Exercise instructions:
Nothing but an exact copy is asked for: the lines in the material below from the one with "Perbedaan e paspor dengan paspor biasa" through the one with "Dubai Shopping Festival", pictures excluded.
*** Opening of Supplied records ***
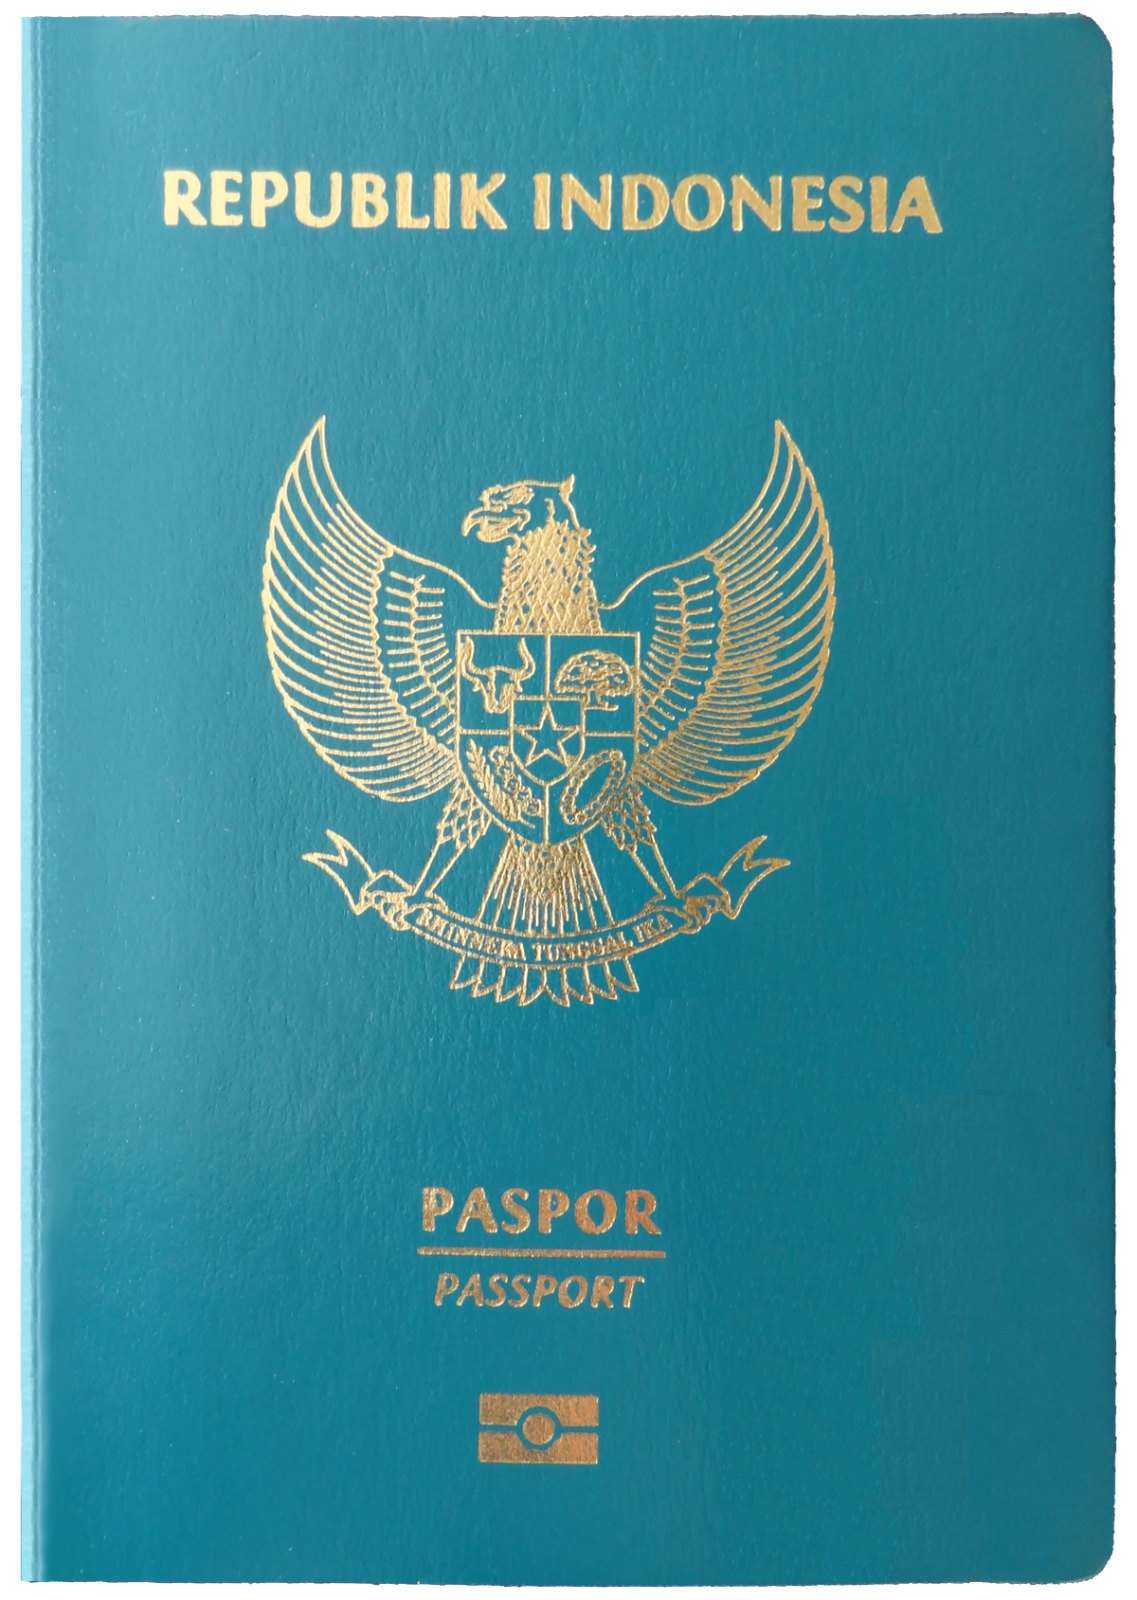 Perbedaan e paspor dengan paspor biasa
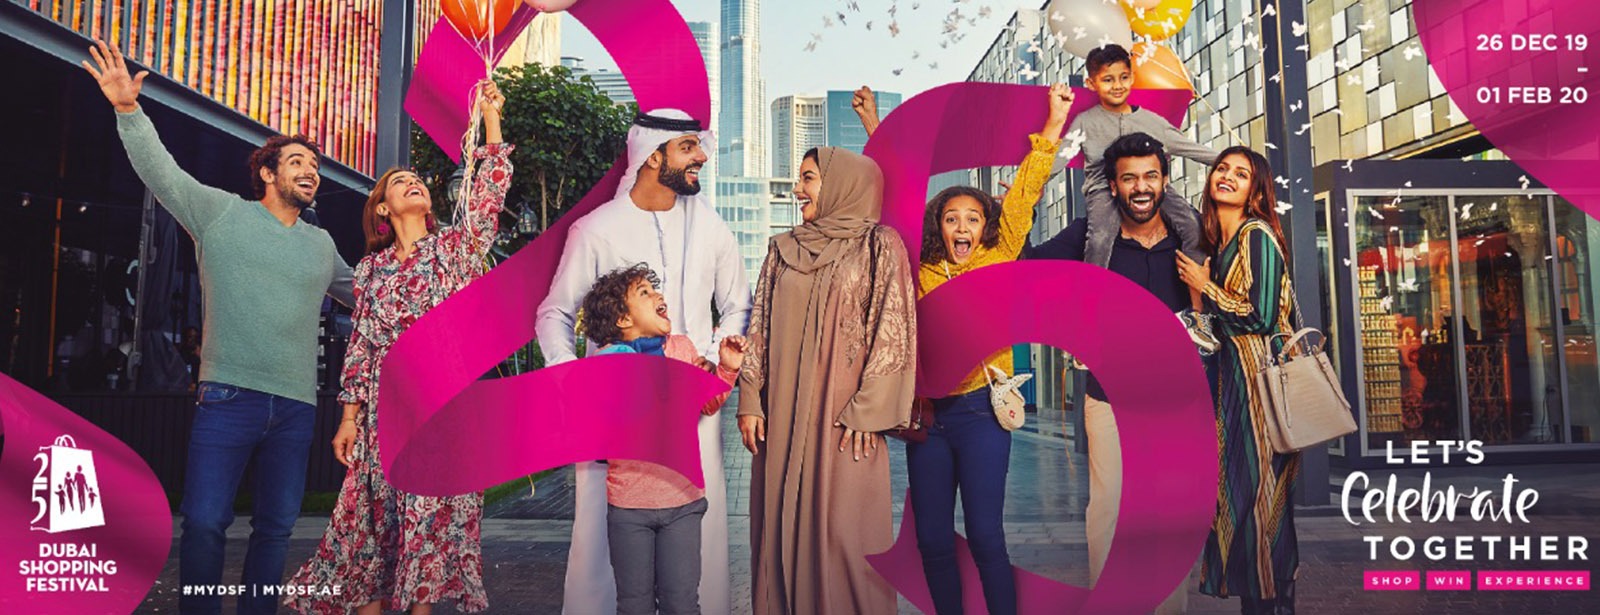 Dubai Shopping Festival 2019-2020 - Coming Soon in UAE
*** Close of Supplied records ***
*** Opening of Supplied records ***
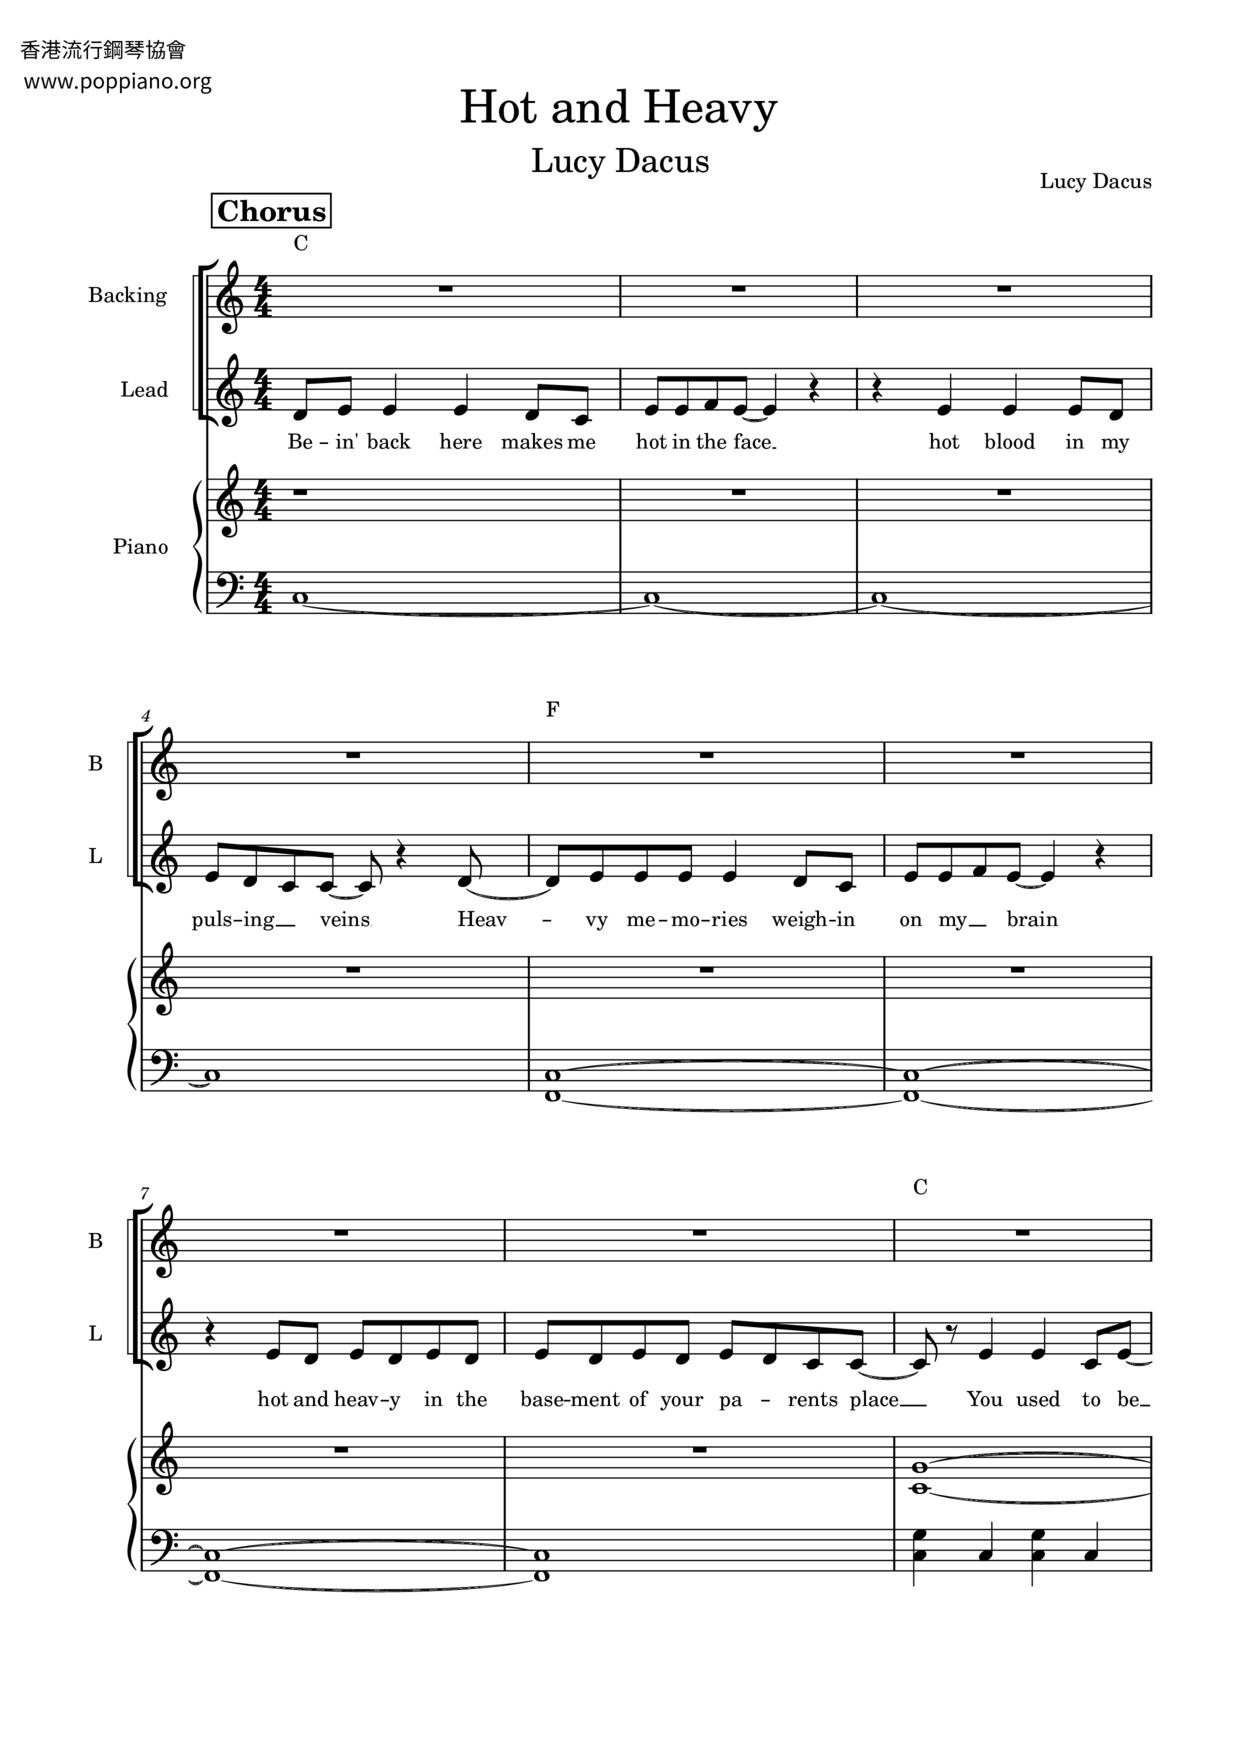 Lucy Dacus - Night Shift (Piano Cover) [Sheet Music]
*** Close of Supplied records ***
Your solution:
 Perbedaan e paspor dengan paspor biasa
 Dubai Shopping Festival 2019-2020 - Coming Soon in UAE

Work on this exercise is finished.